Minimum spanning tree

data structure, subgraph of a weighted graph

A number of problems from graph theory are called Minimum spanning tree. In graph theory, a tree is a way of connecting all the vertices together, so that there is exactly one path from any one vertex, to any other vertex of the tree. If the graph represents a number of cities connected by roads, one could select a number of roads, so that each city can be reached from every other, but that there is no more than one way to travel from one city to another.

The minimum spanning tree of a planar graph. Each edge is labeled with its weight, which here is roughly proportional to its length.

A graph can have more than one spanning tree, just like there may be more than one way to select the roads between the cities.

Most of the time, graphs are weighted; each connection between two cities has a weight: It might cost something to travel on a given road, or one connection may be longer than the other, this means it takes more time to travel on that connection. In the language of graph theory, the connections are called edges.

A minimum spanning tree is a tree. It is different from other trees in that it minimizes the total of the weights attached to the edges. Depending on what the graph looks like, there may be more than one minimum spanning tree. In a graph where all the edges have the same weight, every tree is a minimum spanning tree. If all the edges have different weights (that is: there are no two edges with the same weight), there is exactly one minimal spanning tree.

Finding the minimum spanning tree

change

A first try

change

It can be very simple to make an algorithm that will discover a minimum spanning tree:

 function MST(G,W):
    T = {}
    while T does not form a spanning tree:
        find the minimum weighted edge in E that is safe for T
        T = T union {(u,v)}
    return T

In this case, "safe" means that including the edge does not form a cycle in the graph. A cycle means starting at a vertex, travelling to a number of other vertices and ending up at the starting point again without using the same edge twice.

History

change

Czech scientist Otakar Borůvka developed the first known algorithm for finding a minimum spanning tree in 1926. He wanted to solve the problem of finding an efficient coverage of Moravia with electricity. Today, this algorithm is known as Borůvka's algorithm. Two other algorithms are commonly used today. One of them was developed by Vojtěch Jarník in 1930, and put in practice by Robert Clay Prim in 1957. Edsger Wybe Dijkstra rediscovered it in 1959, and called it Prim's algorithm. The other algorithm is called Kruskal's algorithm, and was published by Joseph Kruskal in 1956. All three algorithms are greedy, and run in polynomial time.

The fastest minimum spanning tree algorithm to date was developed by Bernard Chazelle. The algorithm is based on the soft heap, an approximate priority queue.[1][2] Its running time is O(m α(m,n)), where m is the number of edges, n is the number of vertices and α is the classical functional inverse of the Ackermann function. The function α grows extremely slowly, so that for all practical purposes it may be considered a constant no greater than 4; thus Chazelle's algorithm takes very close to linear time.

What is the fastest possible algorithm for this problem? That is one of the oldest open questions in computer science.

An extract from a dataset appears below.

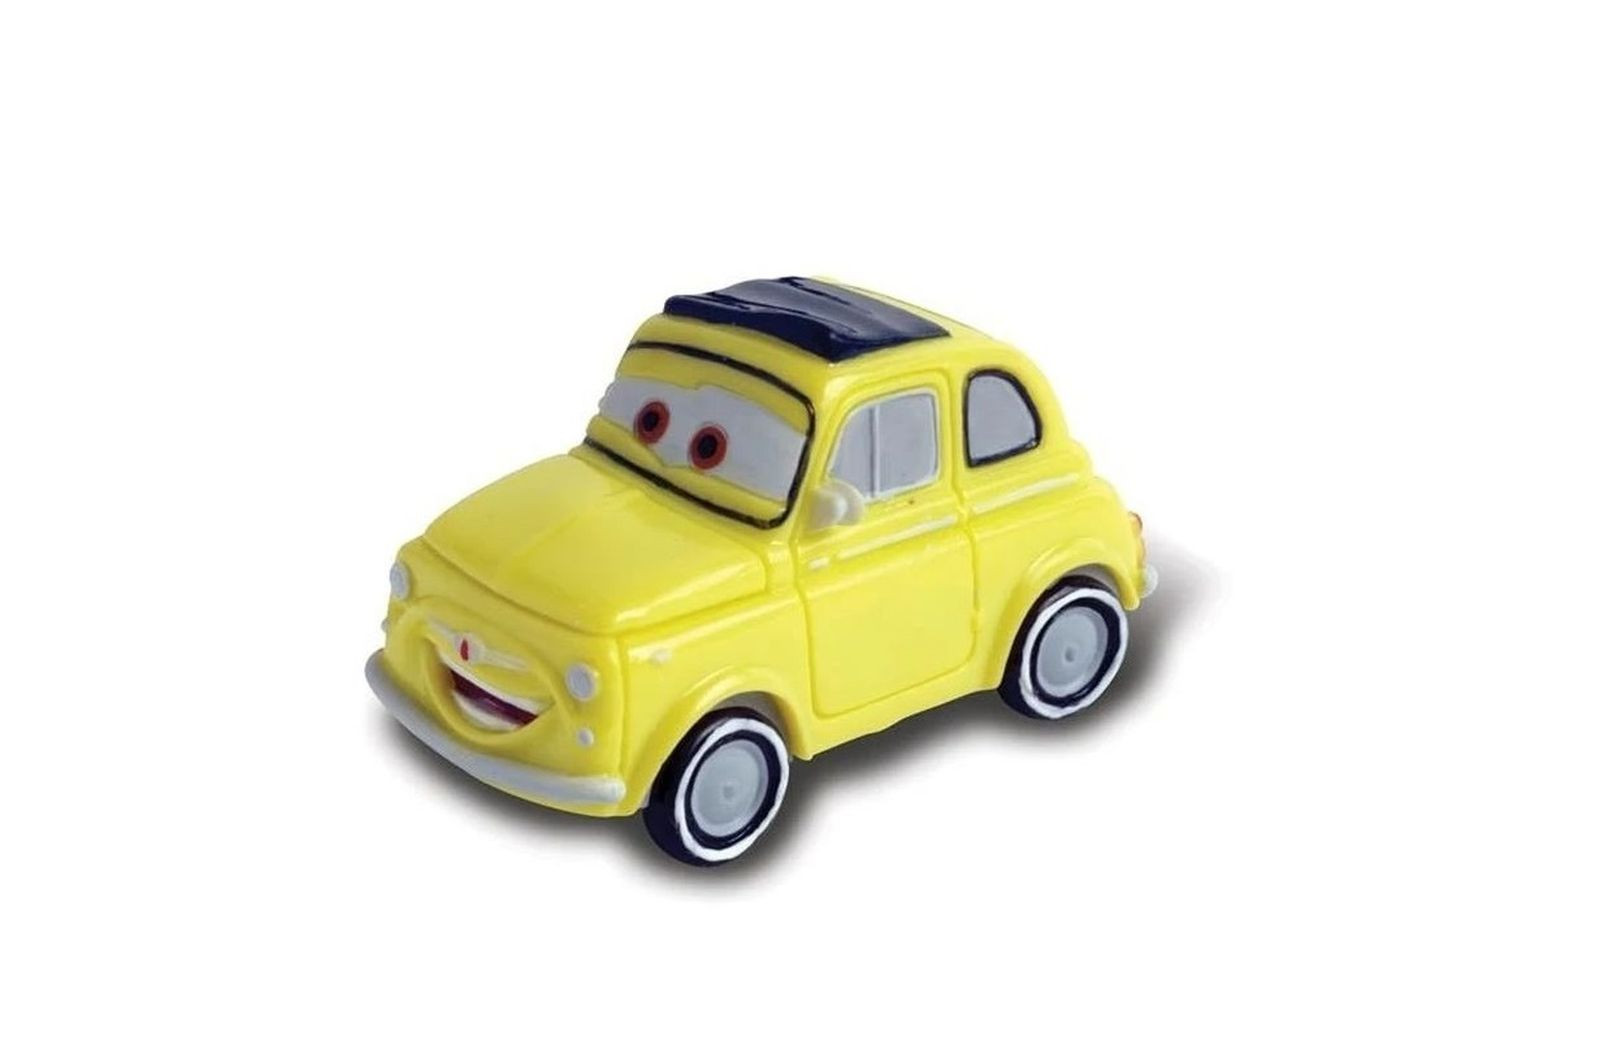 Figurines Voitures Cars Disney Pixar Bully Flash McQueen Martin Guido The  King Luigi Ambulance - Figurines/Bully et Bullyland - La Boutique Disney

There is clearly a linear lower bound, since we must at least examine all the weights. If the edge weights are integers with a bounded bit length, then deterministic algorithms are known with linear running time.[3] For general weights, there are randomized algorithms whose expected running time is linear.[4][5]

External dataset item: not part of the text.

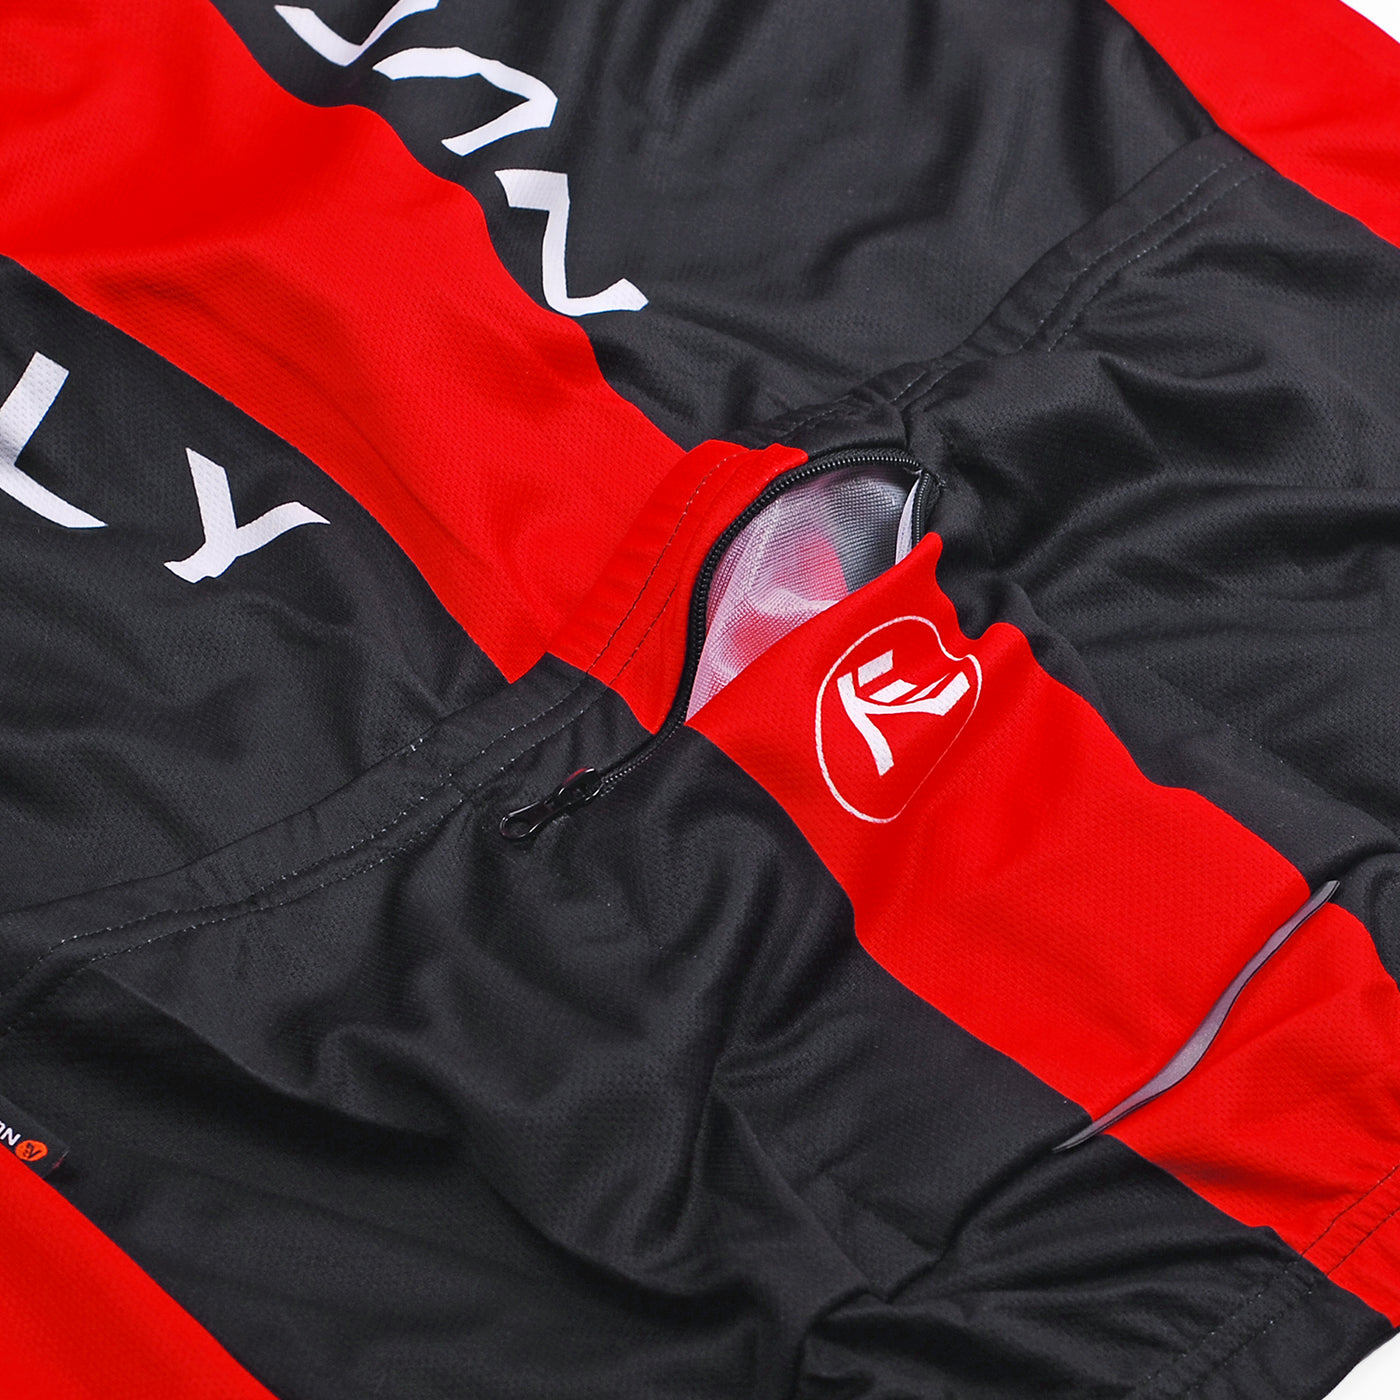 Nuckily CJ133 Mens Cycling Jersey (Red/Black)

The problem can also be approached in a distributed manner. If each node is considered a computer and no node knows anything except its own connected links, one can still calculate the distributed minimum spanning tree.

References

change
  1. Chazelle, B. 2000. A minimum spanning tree algorithm with inverse-Ackermann type complexity. J. ACM 47, 6 (Nov. 2000), 1028-1047.
  2. Chazelle, B. 2000. The soft heap: an approximate priority queue with optimal error rate. J. ACM 47, 6 (Nov. 2000), 1012-1027.
  3. Fredman, M. L. and Willard, D. E. 1994. Trans-dichotomous algorithms for minimum spanning trees and shortest paths. J. Comput. Syst. Sci. 48, 3 (Jun. 1994), 533-551.
  4. Karger, D. R., Klein, P. N., and Tarjan, R. E. 1995. A randomized linear-time algorithm to find minimum spanning trees. J. ACM 42, 2 (Mar. 1995), 321-328.
  5. Pettie, S. and Ramachandran, V. 2002. Minimizing randomness in minimum spanning tree, parallel connectivity, and set maxima algorithms. In Proceedings of the Thirteenth Annual ACM-SIAM Symposium on Discrete Algorithms (San Francisco, California, January 06 - 08, 2002). Symposium on Discrete Algorithms. Society for Industrial and Applied Mathematics, Philadelphia, PA, 713-722.